__About this exercise__: Could you set down exactly the lines of the data below, starting at the one that holds "Solo DC Solar Pump Feedback from Greece" and ending at the one that holds "Cream And Brown", both included, and only those?

__Data extract__:
"""
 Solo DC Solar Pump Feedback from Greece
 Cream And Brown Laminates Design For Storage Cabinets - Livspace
"""
"""
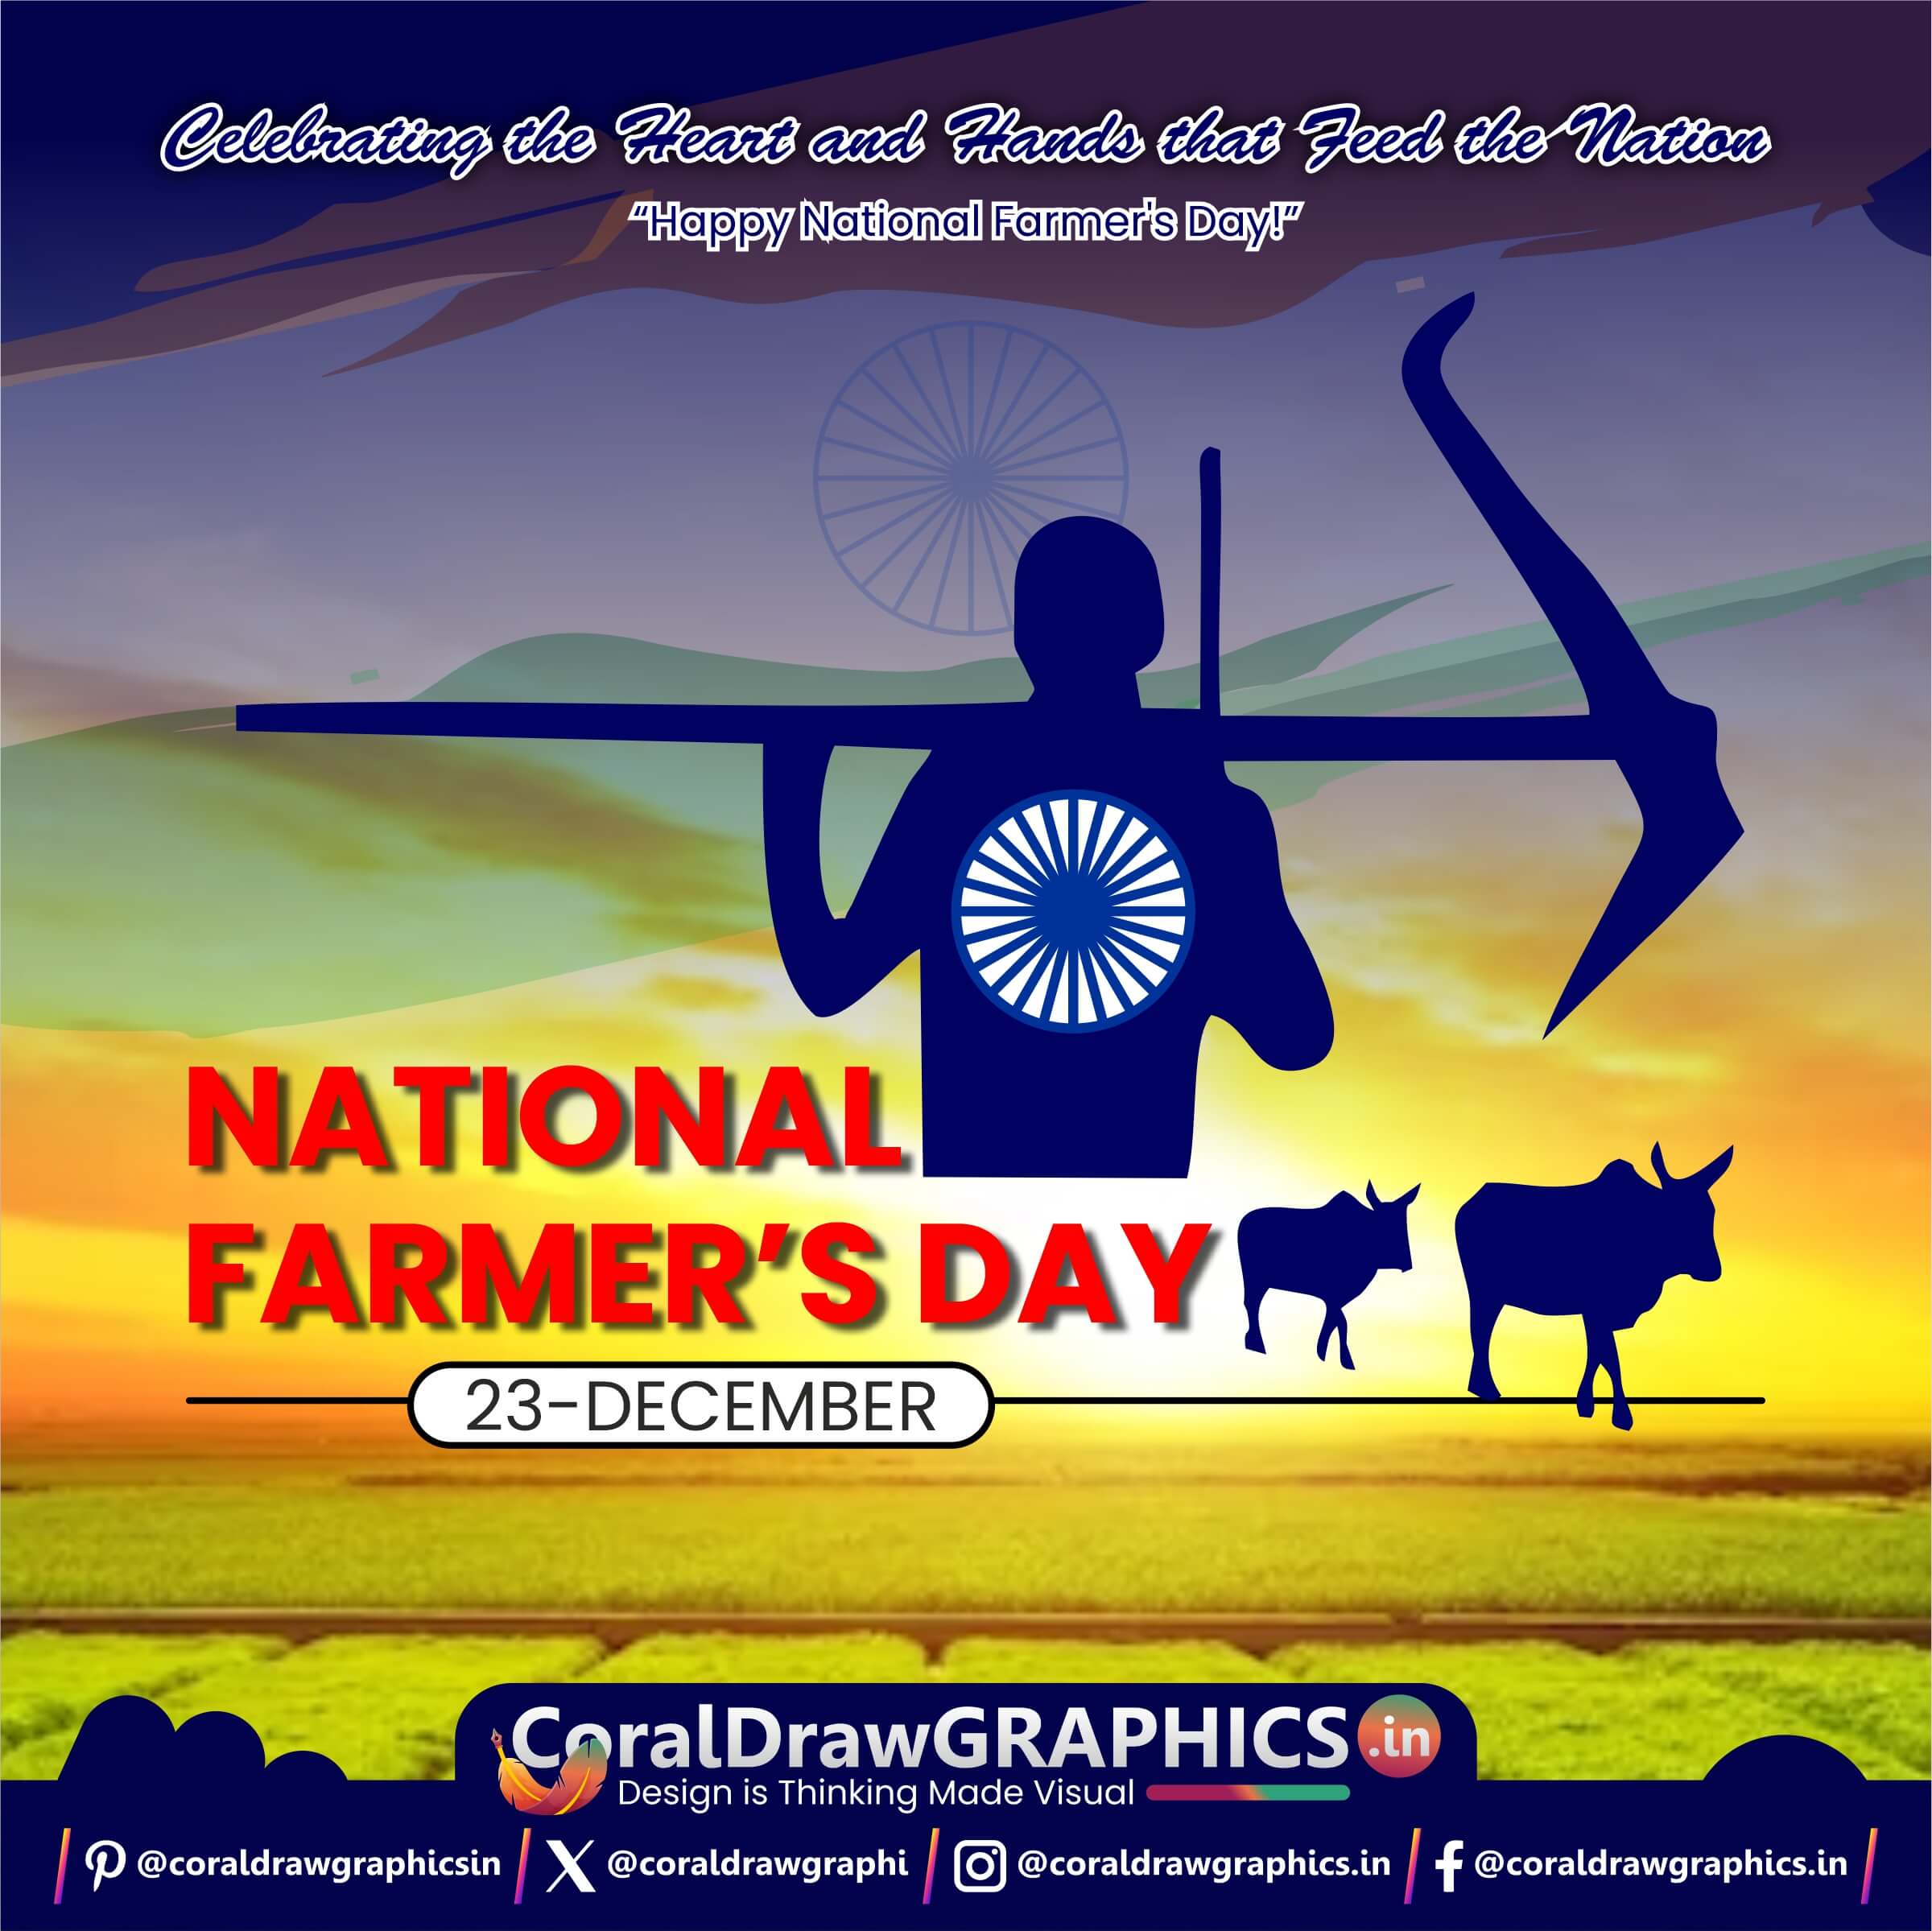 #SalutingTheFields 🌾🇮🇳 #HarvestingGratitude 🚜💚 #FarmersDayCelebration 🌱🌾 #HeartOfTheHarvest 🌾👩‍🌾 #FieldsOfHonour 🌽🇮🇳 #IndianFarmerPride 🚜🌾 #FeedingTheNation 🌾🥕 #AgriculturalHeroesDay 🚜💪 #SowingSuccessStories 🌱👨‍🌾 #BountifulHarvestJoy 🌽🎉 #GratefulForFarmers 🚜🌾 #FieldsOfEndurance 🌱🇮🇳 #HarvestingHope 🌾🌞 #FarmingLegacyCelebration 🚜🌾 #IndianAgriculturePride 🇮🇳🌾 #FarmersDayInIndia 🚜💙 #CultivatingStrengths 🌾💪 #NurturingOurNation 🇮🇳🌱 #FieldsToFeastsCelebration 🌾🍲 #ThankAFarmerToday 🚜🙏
"""
__Task response__:
 Solo DC Solar Pump Feedback from Greece
 Cream And Brown Laminates Design For Storage Cabinets - Livspace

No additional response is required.